Researchers discover how honey bees 'telescope' their abdomens

Honey bees are able to wiggle their abdomens in a variety of ways. Now new research published in the Journal of Insect Science shows how they are able to do it.

In 2015, a team of researchers from Tsinghua University in Beijing used a high-speed camera to observe how honey bees curl their abdomens while in flight and under restraint, confirming that bees can manipulate the shape of their abdomens, but only in one direction -- down, toward the bee's underside.

Now the same team has identified the mechanism behind that movement. Specialized membranes that connect a honey bee's abdominal segments are thicker on the top of the abdomen than on the bottom, allowing curling in just one direction.
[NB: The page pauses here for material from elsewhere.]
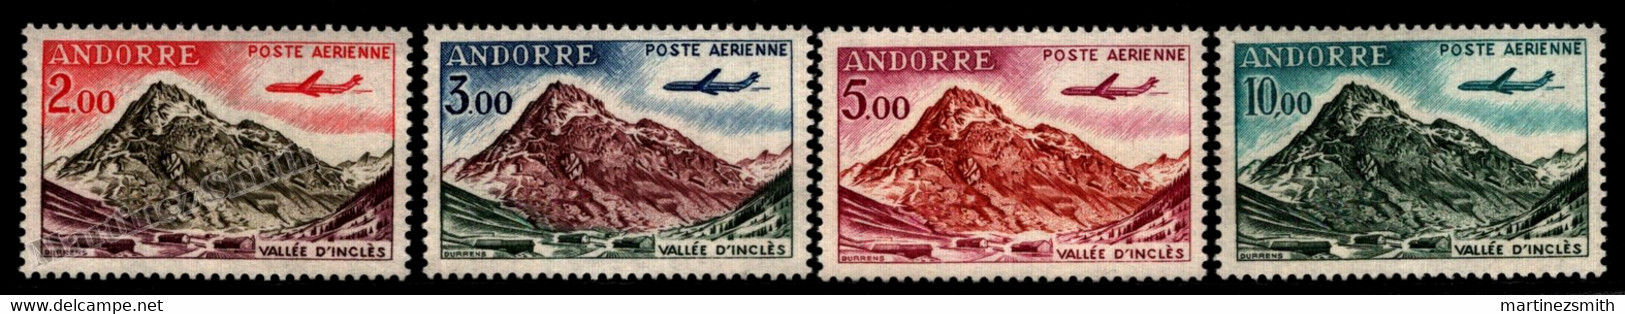 Andorre Français / French Andorra 1961 Airmail Yv. Inclès Valley, Soldeu, - MNH - Luftpost

Honey bee abdomens contain up to nine overlapping segments that are similar to little armored plates. A thin, flexible layer of cells called the folded intersegmental membrane (FIM) connects the tough outer plates, allowing each concentric segment not just to attach to its neighbor, but to slide into the next one. The authors call this movement "telescoping."

"Our research on the ultrastructure of the FIM is of great significance to reveal the bending and flexing motion mechanism of the honey bee abdomen," said Professor Shaoze Yan, one of the co-authors. "During nectar feeding, a honey bee's abdomen does high-frequency respiratory exercises and assists the suction behavior of mouthparts to improve the intake efficiency."

In this experiment, the researchers looked at forager honey bees using the same combination of high-speed videography and scanning electron microscopy as they did in 2015. The engineers recorded the abdominal wiggling of live honey bees and the internal shapes of dissected bee abdomens. The flying videos were shot at 500 frames per second, and the dissected abdomens were imaged in thin slices.

The microscopy showed that the membranes along the top of the honey bee's abdomen are two times thicker than those on the bottom. This asymmetry allows the segments to lengthen on top and contract on the bottom, resulting in the unidirectional curling the researchers observed in the bees they filmed.

It's a design that the paper's authors suggest is ripe for exploration by more engineers, perhaps for use in aircraft design or other applications.